Men of War: The American Soldier in Combat at Bunker Hill, Gettysburg, and Iwo Jima by Alexander Rose

Men of War: The American Soldier in Combat at Bunker Hill, Gettysburg, and Iwo Jima by Alexander Rose

Author:Alexander Rose
Language: eng
Format: azw3, epub, mobi
Tags: United States, Military, History, Veterans, General
ISBN: 9780812996869
Publisher: Random House Publishing Group
Published: 2015-06-09T06:28:24.839000+00:00


7. The Nights

The Marines’ conquest of Iwo Jima was executed strictly by day; the night they yielded to the Japanese. Every dusk, then, the Marines ceased operations and hunkered down along the line in their foxholes.

Of central concern to American units was “tying in” to the ones on either side of them in order to form a straight line across their assigned area. This desire to close gaps in the defensive perimeter and to link up with neighbors began at the division level and continued down successively through the regiment, battalion, company, platoon, squad, and finally, individual foxhole level.

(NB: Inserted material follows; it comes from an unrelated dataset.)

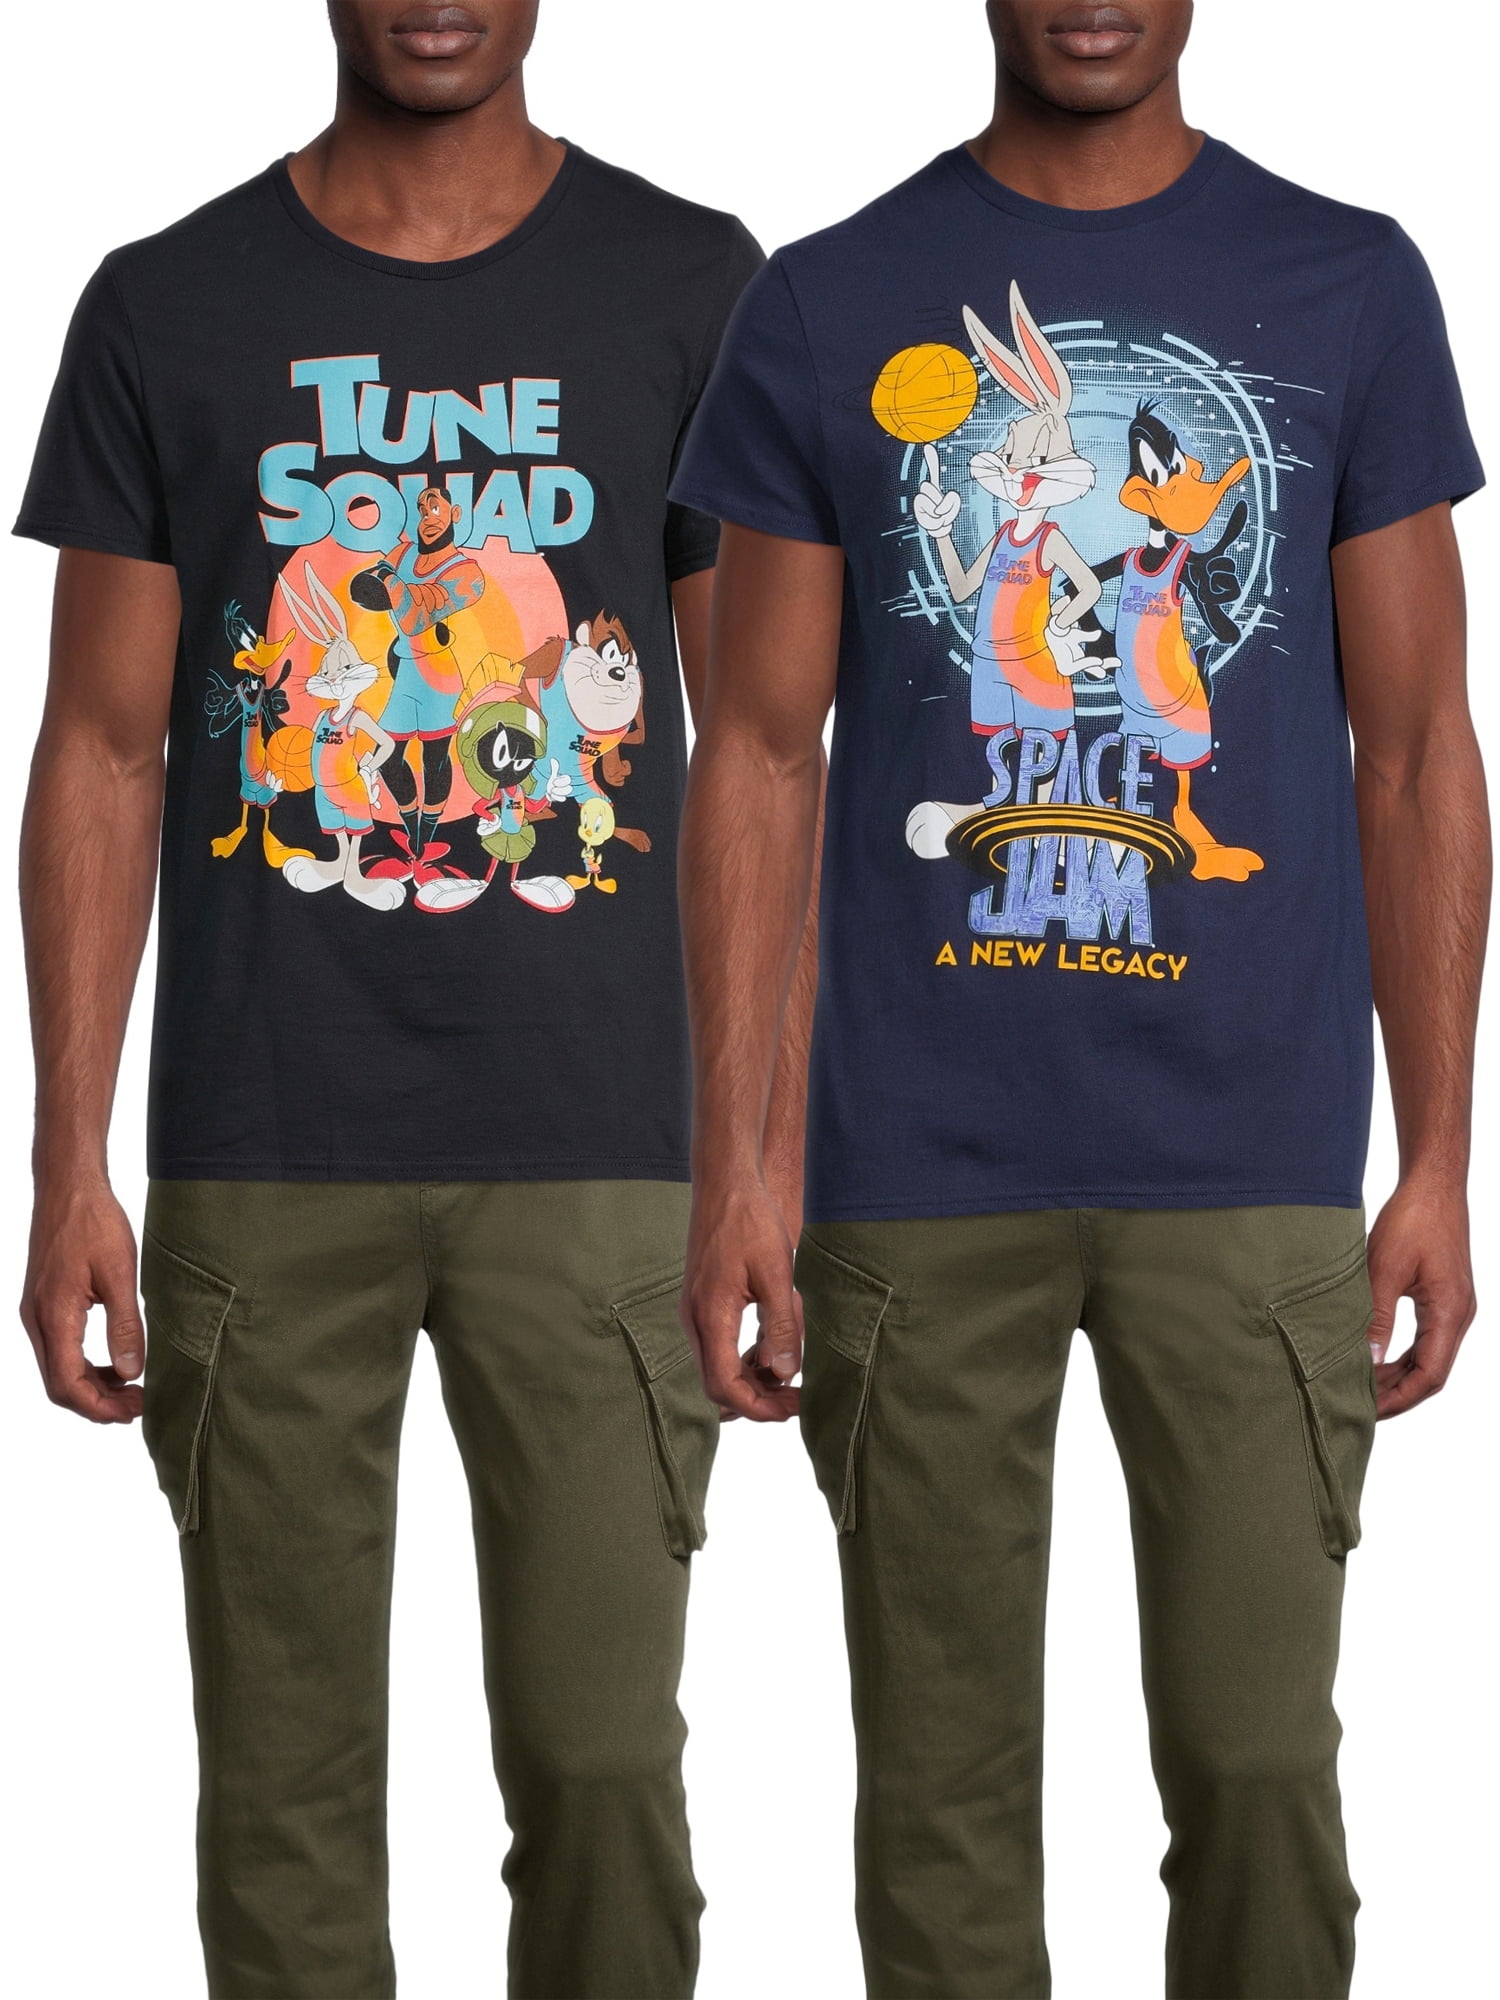 Tune Squad Family Shirt Space jam 2 Sweatshirt Basketball Shirt Space Jam 2 Looney Tunes Shirt, A New Legacy Shirt

There was nothing more dangerous than being left too far forward of the line at nightfall, if, or rather when, the Japanese attacked.

In previous operations, the Japanese had mounted mass banzai charges on the first night of an invasion, and on Iwo Marines accordingly prepared for one—only to be left bewildered when the enemy never appeared, as bewildered, indeed, as when the first wave to hit the beach had encountered paltry counterfire. The actions of the Japanese on Iwo Jima were becoming ever more enigmatic. On other islands, they had emphasized the banzai frontal assault to break through a weak spot on a nascent Marine line. Over the coming weeks on this island, such attacks would be exceptionally rare. Instead, Marines would cope with small-scale “cutting-in attacks,” as the Japanese dubbed them, by infiltrators hoping to create a sense of insecurity behind the lines by sniping opportunistically at random soldiers and sabotaging arms dumps. One remarkably successful effort resulted in a huge explosion at a 4th Division dump as two boatloads of flamethrower fuel, gas, and ammunition went up.

The nocturnal spate of cutting-in attacks wore on Marines to a greater degree than a single, all-out banzai assault at the beginning of an operation. Although banzais were initially terrifying, any satisfactorily tied-in unit could deal with them easily enough: Coordinated machine guns squirting bullets at close range would leave hundreds of Japanese dead and wounded in short order. On Iwo, there were a few attempts to organize banzais, but these were minor piecemeal threats, quickly extinguished. Thus, when Howard Snyder and his squad were facing a trench containing a number of Japanese they could hear were becoming more excited, as if whipping themselves up into a fury before launching a final, diehard bid for glory, he and Harold Keller merely lobbed in grenade after grenade while James Robeson and Louie Adrian used their BARs to cut down anyone who emerged. Eventually, all went silent and that was the end of that.1

This is not to say that infiltration tactics were of much use, however. Kuribayashi was forced to report to Tokyo by the beginning of March that “the look-out American forces became very strict and it is difficult to pass through their guarded line. Don’t overestimate the value of cutting-in attacks,” he advised.2 As Kuribayashi indicated, because Marines actively learned from experience and improved their defensive methods, over the course of the battle these stealth attacks dramatically declined in frequency, skill, and scale.